Typical Tasks
- Conduct discovery workshops to identify critical business KPIs and technical service level indicators.
- Deploy and configure agents or OpenTelemetry collectors across hybrid cloud environments.
- Develop customized dashboards that visualize distributed tracing and system performance.
- Refine alerting logic to minimize noise and prioritize high-priority production incidents.
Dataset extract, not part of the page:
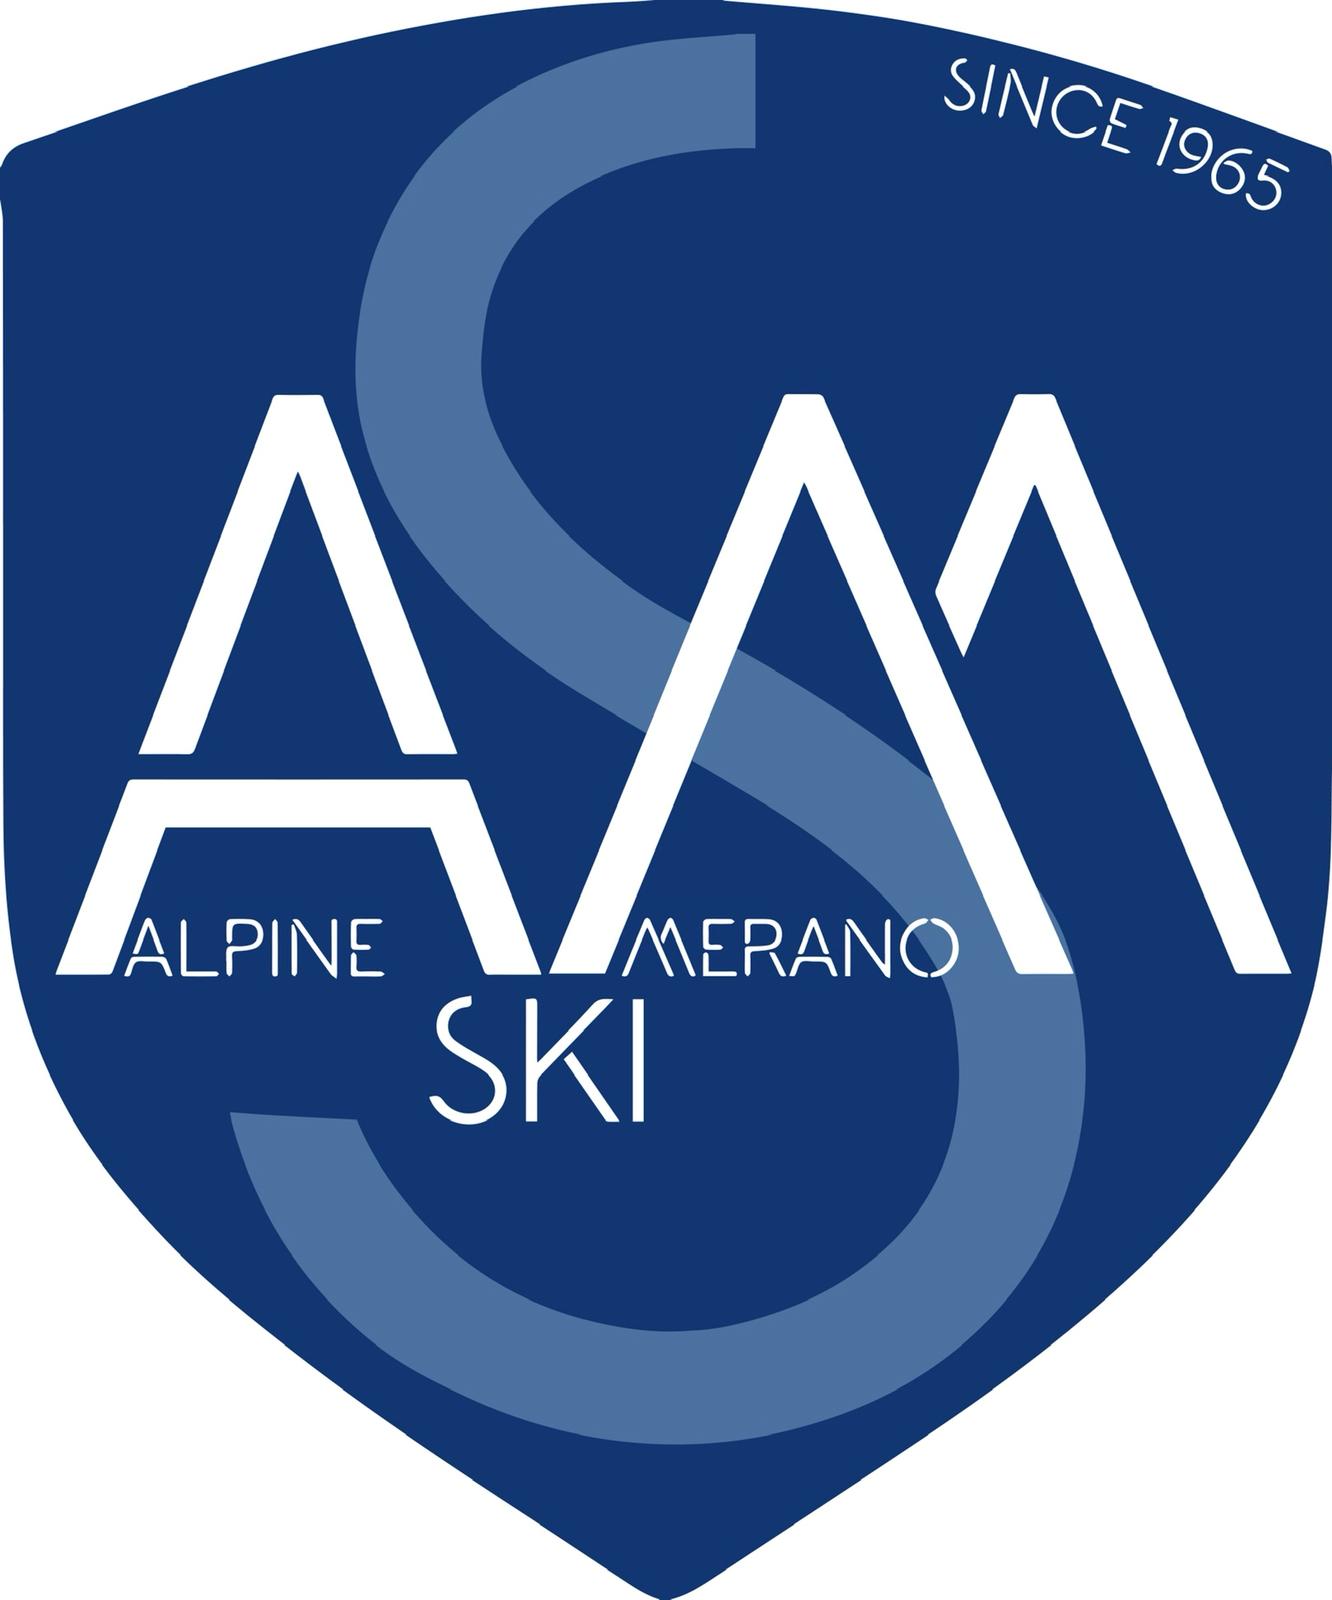 A.S. Merano Alpine Ski

- Document technical architectures and provide hands-on training for client operations teams.
Responsibilities
- Participate on the end-to-end communication with client stakeholders regarding project milestones and technical requirements.
- Define observability implementation roadmap that align with the client’s specific infrastructure. requirements and budget.
- Support and participate on successful integration of logging, metrics, and tracing into existing CI/CD pipelines.
- Ensure the reliability and performance of the monitoring stack to maintain constant visibility.
- Standardize telemetry collection methods across diverse application teams and departments.
Technical Skills
- Expertise in commercial platforms like Datadog, Dynatrace, New Relic, or Splunk.
- Proficiency in open-source stacks including Prometheus, Grafana, and the ELK stack.
- Advanced knowledge of Kubernetes, container orchestration, and serverless cloud architectures.
- Strong command of Infrastructure as Code tools such as Terraform or CloudFormation.
- Ability to write and debug code in languages like Python, Go, or Java for instrumentation.